Карташев не ожидал такого отношения. Он покраснел и смутился. Он спросил, стараясь быть равнодушным:
- Тебе не нравится?
Мать недоумевающе пожала плечами:
- Не-ет... ничего...
Какая-то непривычная сухость тона еще тяжелее задела Карташева.
Мать начала читать следующую статью Корнева: "Нечто о художественном".
- У него очень логически развивается мысль, - заметила она мимоходом и опять сосредоточенно погрузилась в чтение.
Кончив, она вскользь окинула взглядом сына и, задумавшись, смотрела в окно. Карташеву казалось, что она думала в это время о том, что Корнев написал прекрасную статью, а он, ее сын, написал бездарную плохую, и ей стыдно теперь за него. Сердце Карташева тоскливо сжалось. Он сидел смущенный, растерянный и весь был охвачен мыслью, как бы хоть не заметили и не угадали его душевного состояния. Никто ничего не заметил: мать встала и вышла из комнаты. Зина, тоже вдруг потеряв интерес к его журналу, продолжала заниматься. Карташев посидел еще и, незаметно захватив журнал, ушел с ним к себе.
Там он бросил журнал на стол, а сам, улегшись на диване, долго лежал с открытыми неподвижными глазами, заложив руки за голову.
- Ну, что ж, - подавленно произнес он вслух, - не буду больше никогда писать - и конец.
И в гимназии говорили о статьях Корнева, Долбы, Беренди, но о Карташеве все молчали. Он видел это, и больное чувство мучило его каждый раз, когда речь заходила о журнале. Он старался делать равнодушное лицо и давал себе всевозможные клятвы никогда не брать пера в руки. Но часто по вечерам, когда уже все расходились спать, он садился за письменный стол и подолгу сидел над белым листом бумаги. Иногда он пробовал писать, не думая, что подвернется, и страница-другая увлекали его, но, перечитав написанное, он, испуганно оглядываясь, уничтожал рукопись.
VI
ВЕРВИЦКИЙ И БЕРЕНДЯ
Однажды Вервицкий и Берендя возвращались вместе из гостей.
Друзья шли молча.
- А не любит меня Корнев за то, что я ему правду-матку режу, проговорил Вервицкий.
- Да ты когда резал?
- Да всегда.
Друзья опять замолчали.
- Зайдешь, что ли? - пригласил Вервицкий, подходя к воротам своего дома.
- А можно?
- Только долго не сиди и вперед уговор: больше двух папирос не дам.
- А к чаю хлеб будет?
- Этого сколько хочешь: тятькин.
Друзья, низко пригнувшись, вошли в калитку, прошли под освещенными окнами верхнего этажа, причем Берендя для чего-то даже пошел на цыпочках; затем свернули в маленький, темный проход и стали осторожно спускаться по крутой лестнице.
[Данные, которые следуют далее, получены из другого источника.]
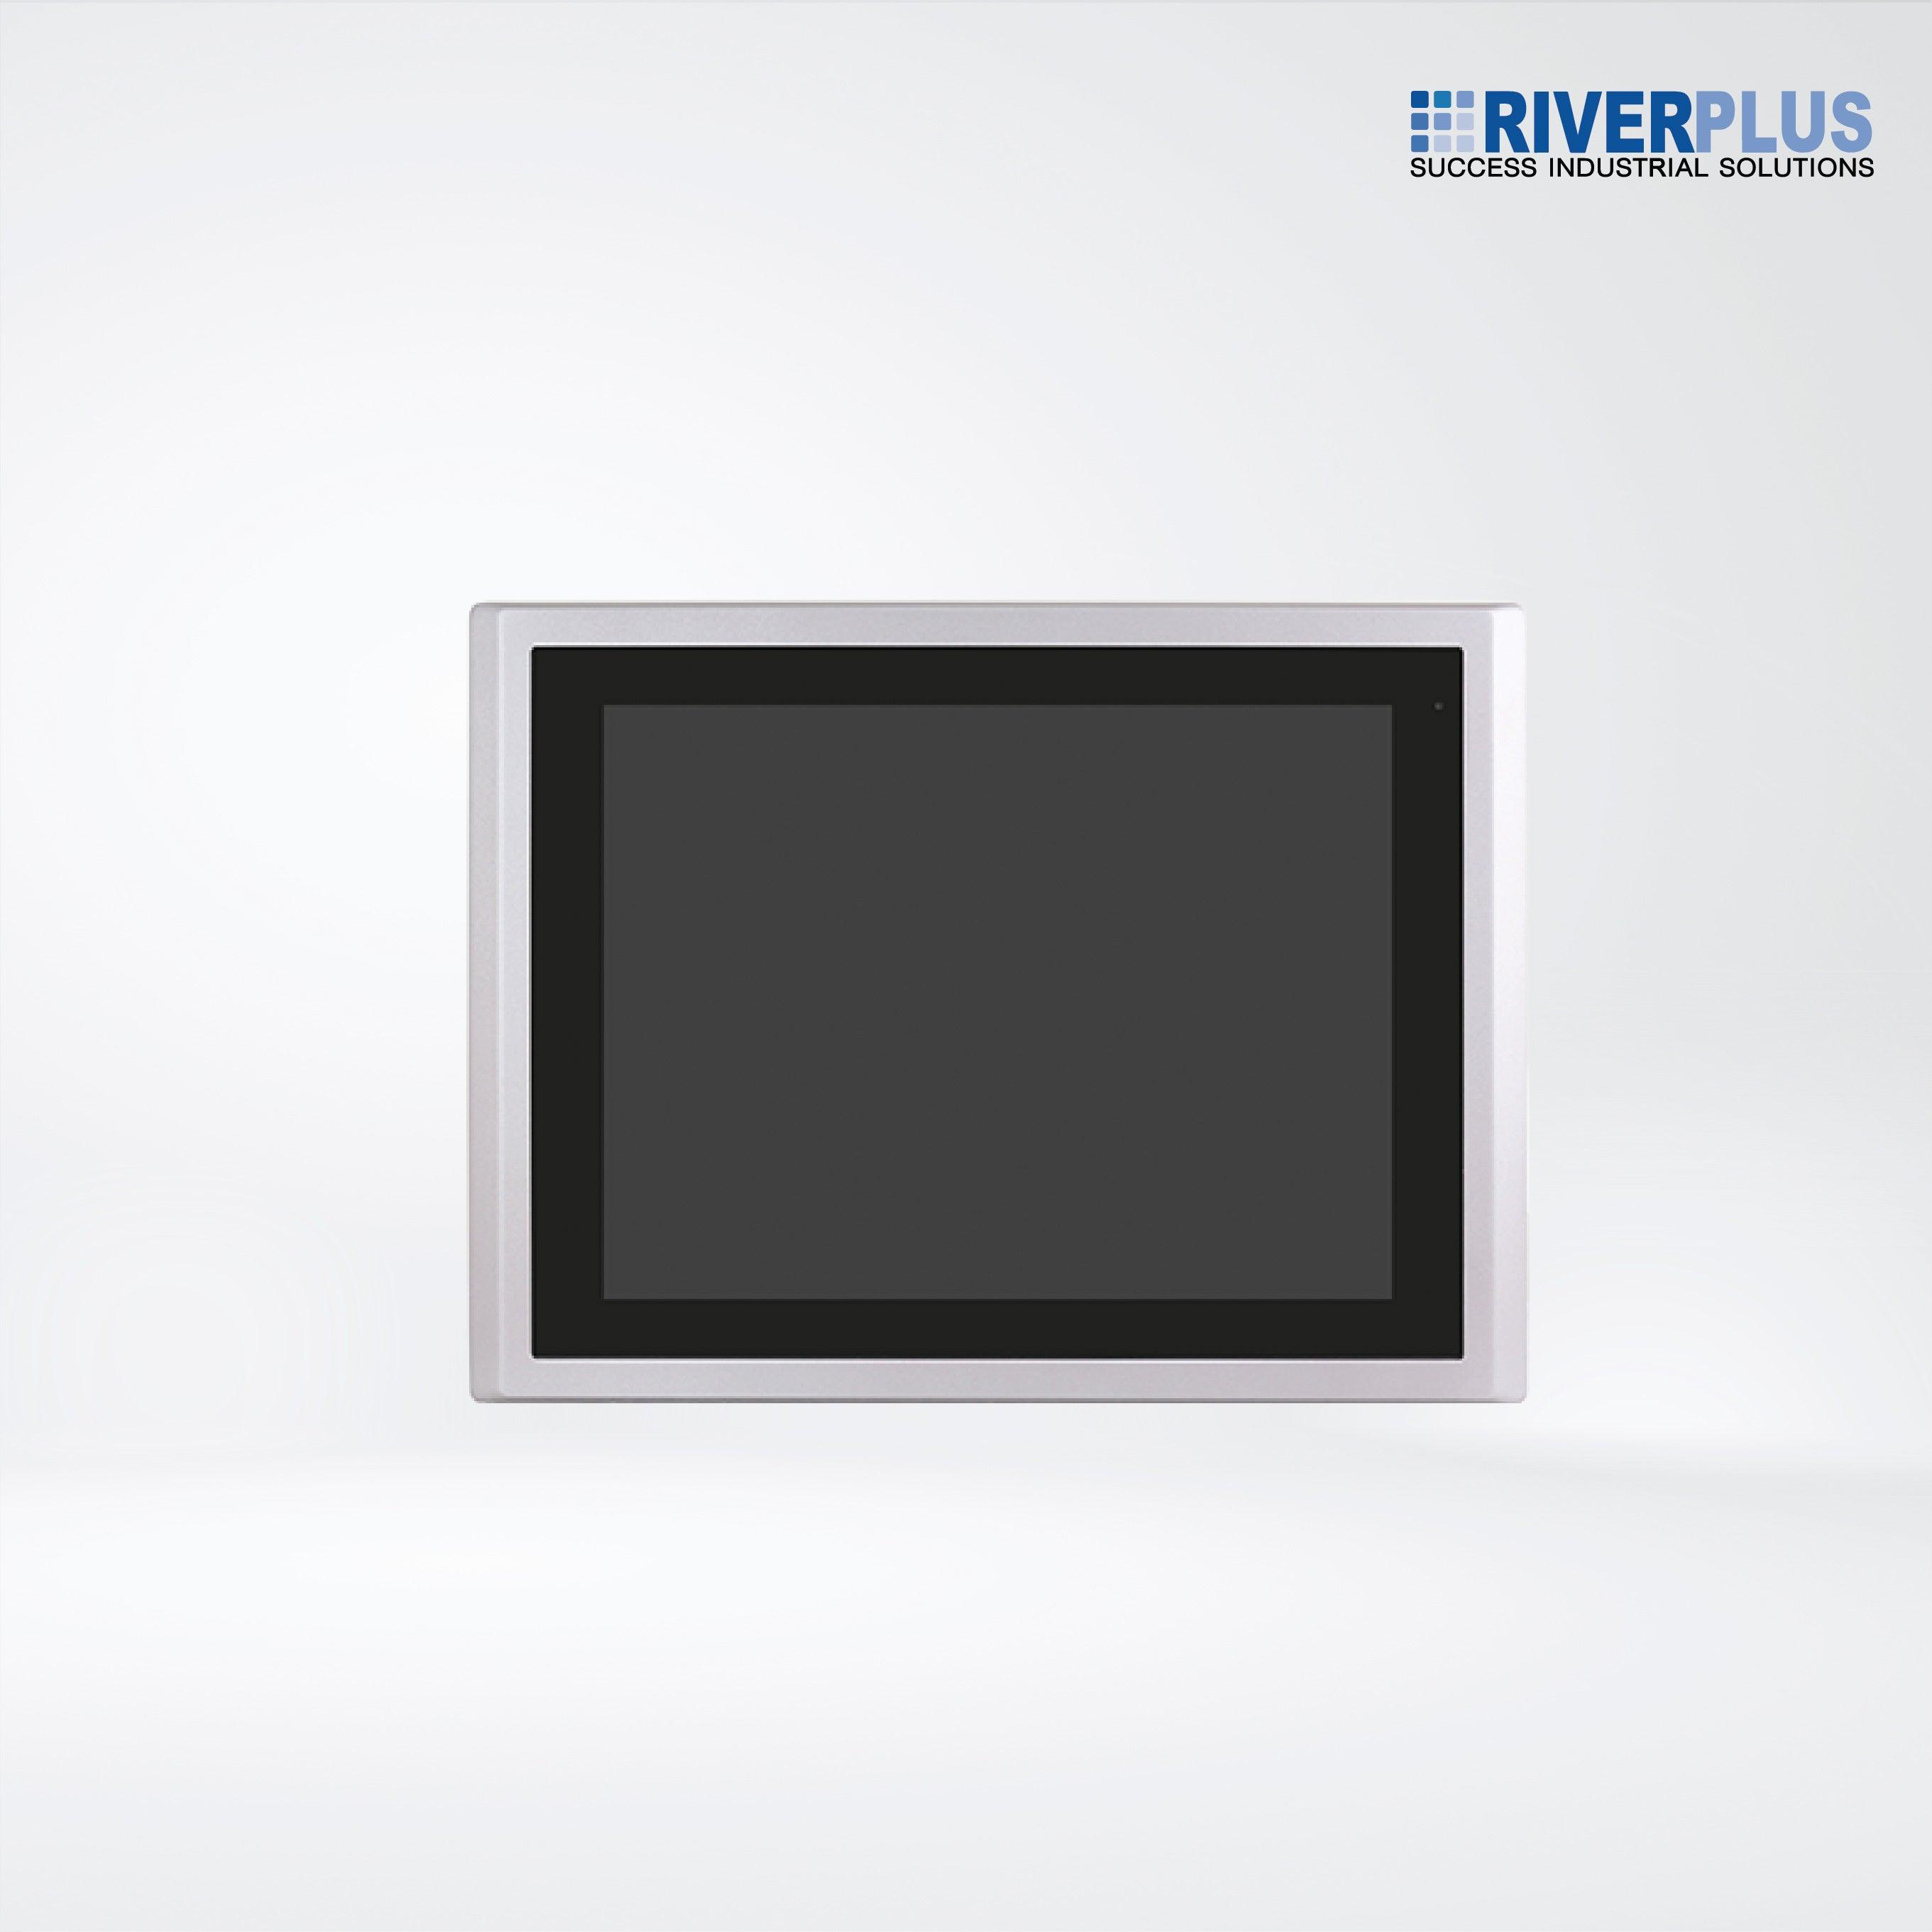 ViPAC-815G 15” Intel Celeron N2930 Fanless Expandable Panel PC - Riverplus

- Ой! - споткнулся Берендя и ухватился за плечо Вервицкого.
- Да ну!.. пусти, - ответил своим грубоватым, сиплым голосом Вервицкий и отворил дверь в низкую комнату, освещенную висячей лампой. Он быстрым пытливым взглядом обвел комнату и сейчас же что-то заметил.
- Ну, теперь поймал подлецов.
Он встал на табурет, достал с полки ящик с табаком и внимательно, долго смотрел на него. На лице его было и удовлетворение от искусно выполненного плана, и огорчение о погибшей безвозвратно горсти табаку. Его охватила злоба, он начал браниться и, наконец крикнув: "Отцу скажу!" - выскочил из комнаты.
Берендя как-то весь съежился во время этой сцены, и только когда Вервицкий ушел, он облегченно вздохнул. Рассеянно скрутив папиросу, он осторожно уселся на стул и, смотря в окно, стал пускать густые клубы дыма.
Сверху донесся сперва голос Вервицкого, затем резкий громкий - отца, затем визг братьев.
"За уши дерет", - мелькнуло в голове Беренди, и он испуганно раскрыл глаза и насторожился.
Дверь быстро отворилась, и вошел Вервицкий. Он остановился, неприятно огорченный клубами дыма.
- Начадил уж, - обратился он ворчливо к другу.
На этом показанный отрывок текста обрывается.